Uang di saku kananku masih belum sampai ke tangannya saat dia menunjukkan sebuah luka yang cukup lebar di kaki kanannya. Sebuah borok yang memang harus segera diobati. Ke Kariyadi katanya. Aku dengan senang hati mengangguk dan bersedia mengantarnya. Diapun dengan semangat bersedia untuk menungguku sampai pulang kantor tiba* karena dia sudah hafal kalau jam pulang kami adalah jam tujuh malam*.

 

Akupun meminta lelaki itu untuk mau menungguku dan duduk di tempat dia biasa istirahat, dan nanti jam tujuh tepat, aku akan datang menghampiri dia…

 

Didalam kantor, aku masih memperhatikan lelaki itu duduk di lantai sembari menghitung uangnya yang nanti akan dia gunakan untuk berobat.

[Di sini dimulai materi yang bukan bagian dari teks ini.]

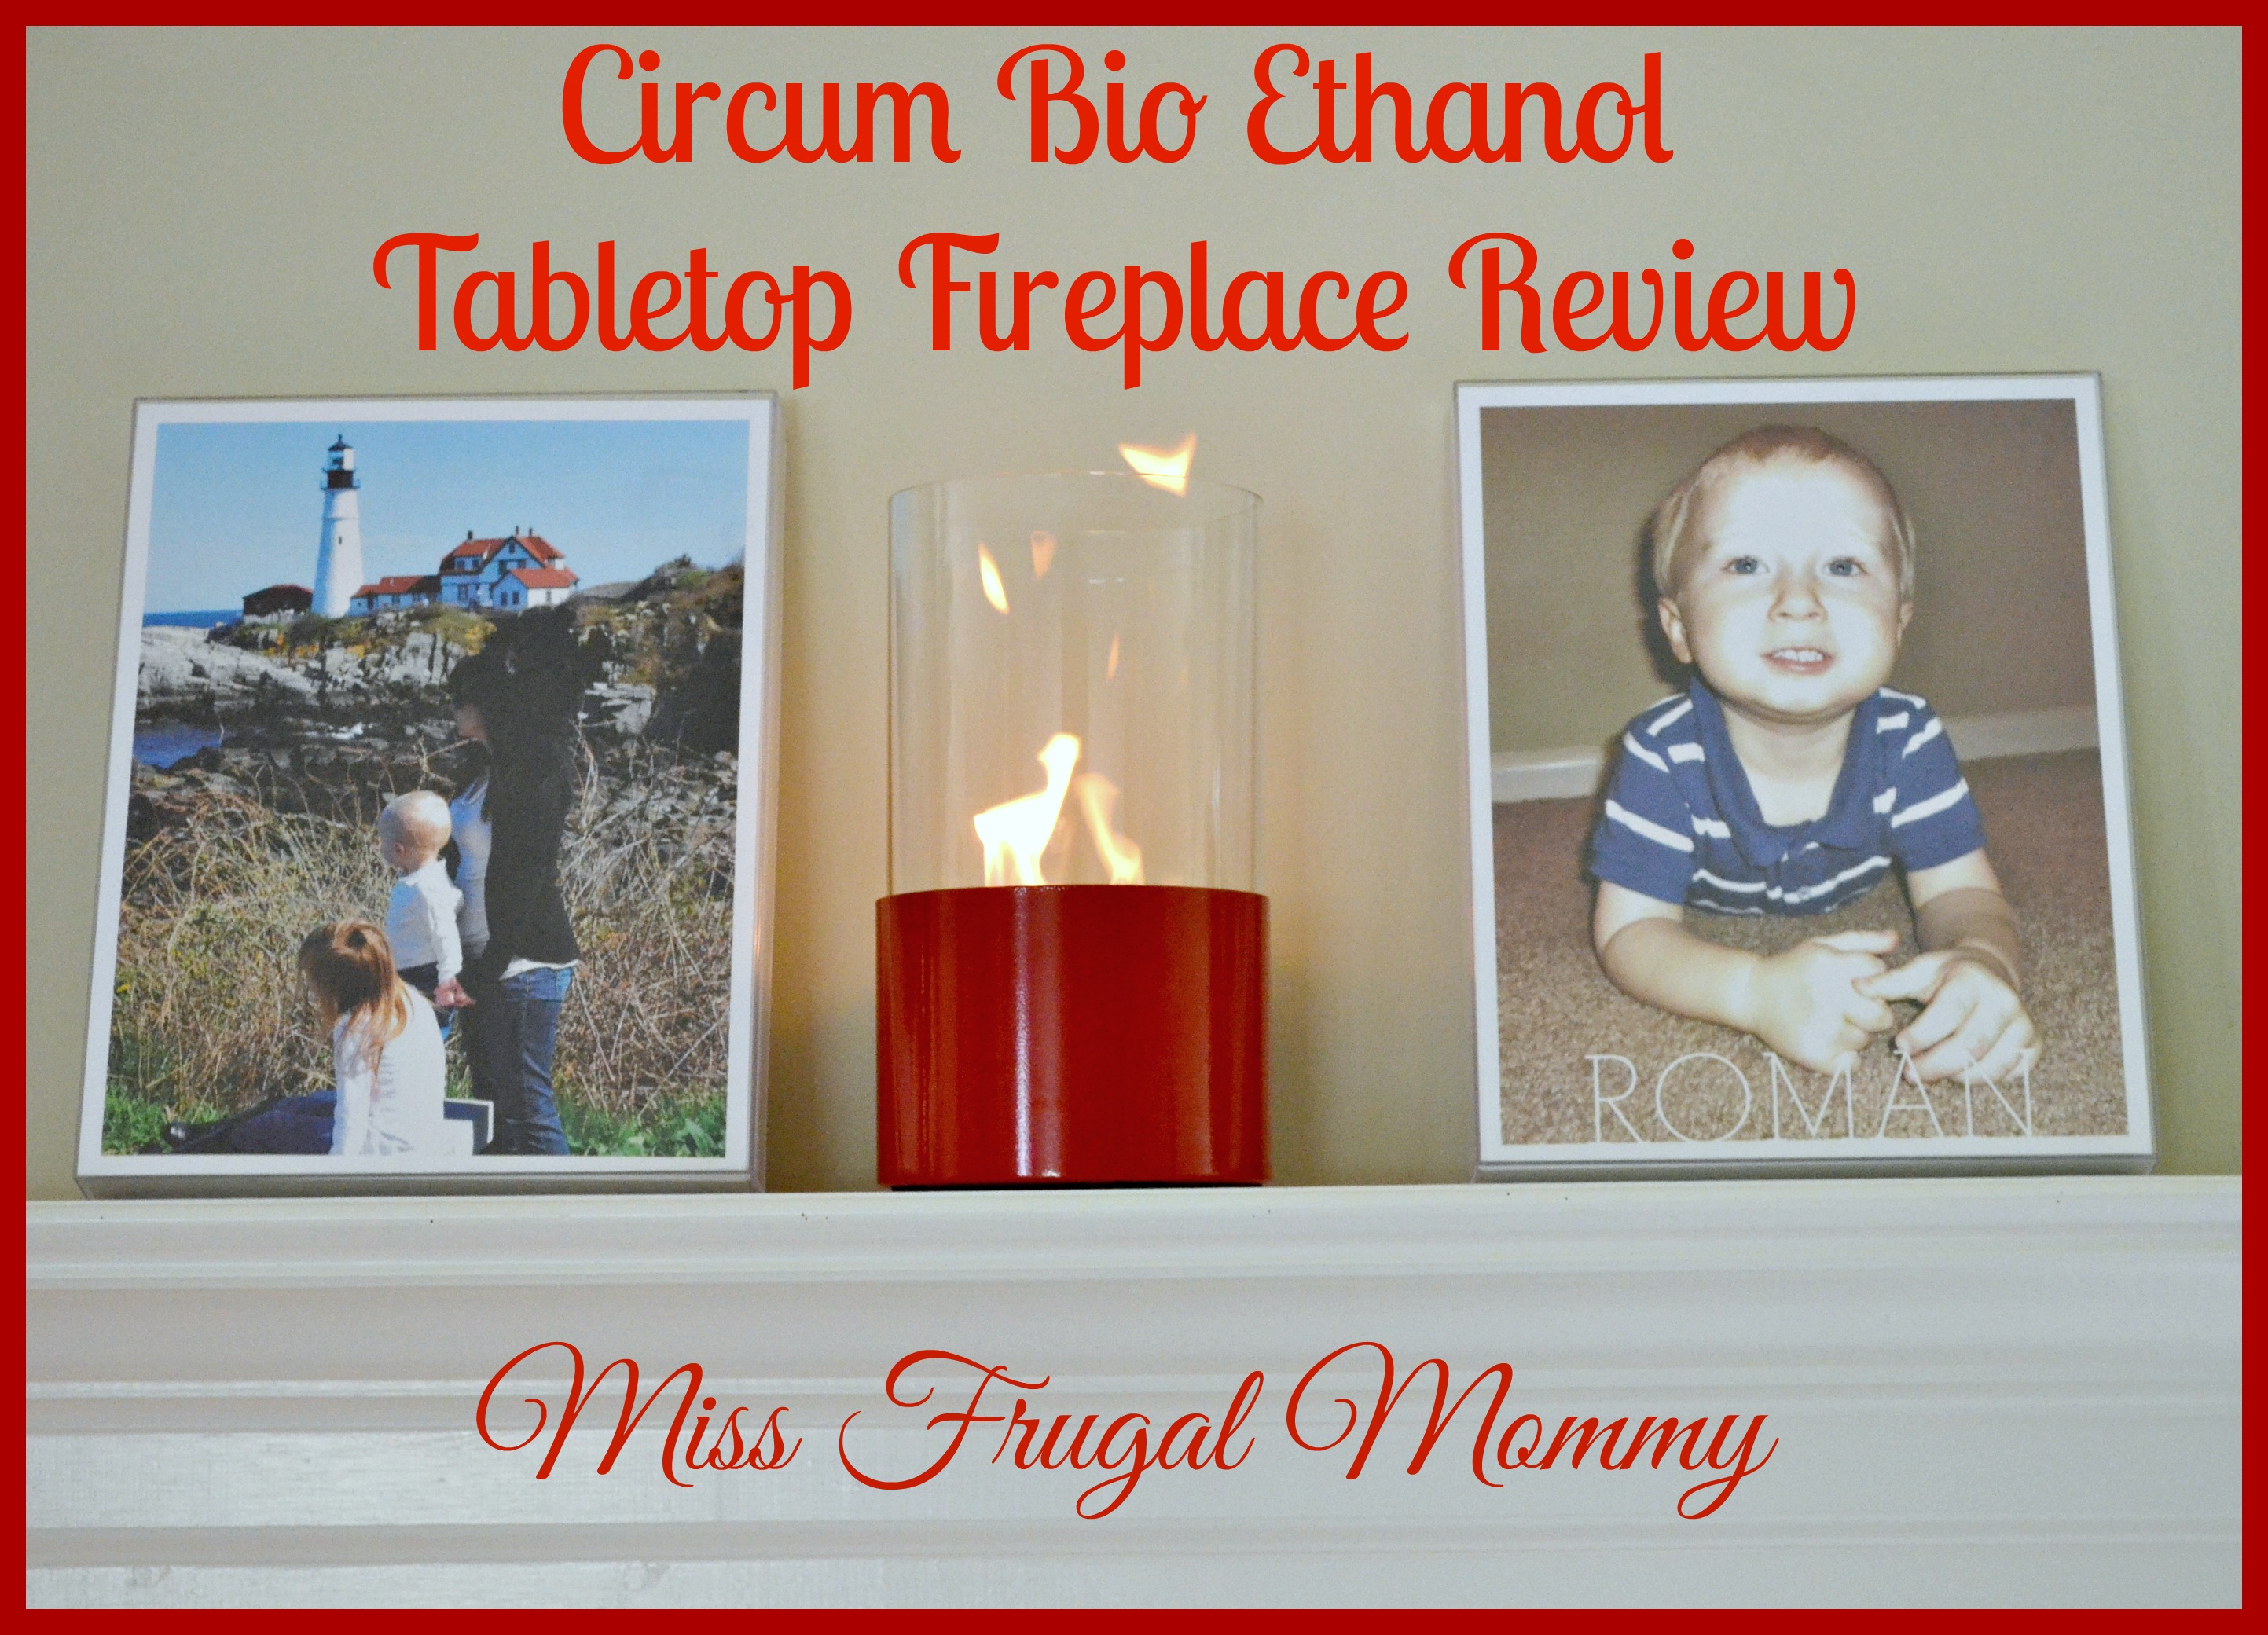 Circum Bio Ethanol Tabletop Fireplace Review

Tadipun aku sempat melihat ada satu plastik putih berisi satu botol sesuatu yang masih baru, seperti dari sebuah apotek. Dan, mataku sedikit redup menatap lelaki itu menghitung lembar per lembar uangnya..Then I asked to myself, dimanakah keluarganya..?

 

Saat jam hampir mendekati waktu pulangpun ada rejeki makanan yang datang dan niatnya, sebagian ingin kuberikan padanya, nanti……

 

Lalu pintu pagar di kantor kami*bukan pagar pada halaman kantor. Dan di kantor, kami juga tidak ada pagar halaman. Tapi maksudnya adalah pagar, semacam tirai besi yang menutup kantor kami agar tidak lagi terlihat oleh publik*, akhirnya ditutup oleh kaum laki-laki.

 

Aku keluar kantor untuk mengatakan pada lelaki itu agar mau menungguku sebentar lagi karena aku hendak membagi rejeki yang baru saja kudapat dan memindahkannya di plastik lain buat lelaki itu makan malam..

 

Tapi dia sudah tidak ada…

 

Aku bingung..

 

Aku bertanya pada kedua teman yang menutup pagar tentang kemana lelaki itu berada. Dan mereka hanya menjawab, ‘dia sudah pergi’..

 

Aku bergegas naik sepeda motor dan mencarinya, karena aku berpikir, lelaki itu pasti belum jauh….Ke daerah pandanaran…ke daerah kampung kali..ke tamrin..ke mugas…karena, mungkin saja dia memilih tidak jadi pergi, atau sesuatu yang membuat dia berubah pikiran..

 

Tapi dia tidak ada..Dia tidak kelihatan..Dan, hati ini rasanya kecewa sekali. Bukan karena aku marah padanya, tapi karena mungkin lelaki itu berpikir aku tidak sungguh-sungguh ingin mengantarnya karena pintu pagar itu telah ditutup dan aku tidak juga nampak…

 

Aku berharap semoga saja ada orang lain yang telah menolongnya untuk mengantar..karena letak rumah sakit itu jaraknya sungguh jauh kalau harus berjalan kaki…Tapi, entah kenapa, hati ini jadi sedih sekali..Mungkin karena dia tidak memiliki jam, jadi dia mengira aku meninggalkannya…ahh…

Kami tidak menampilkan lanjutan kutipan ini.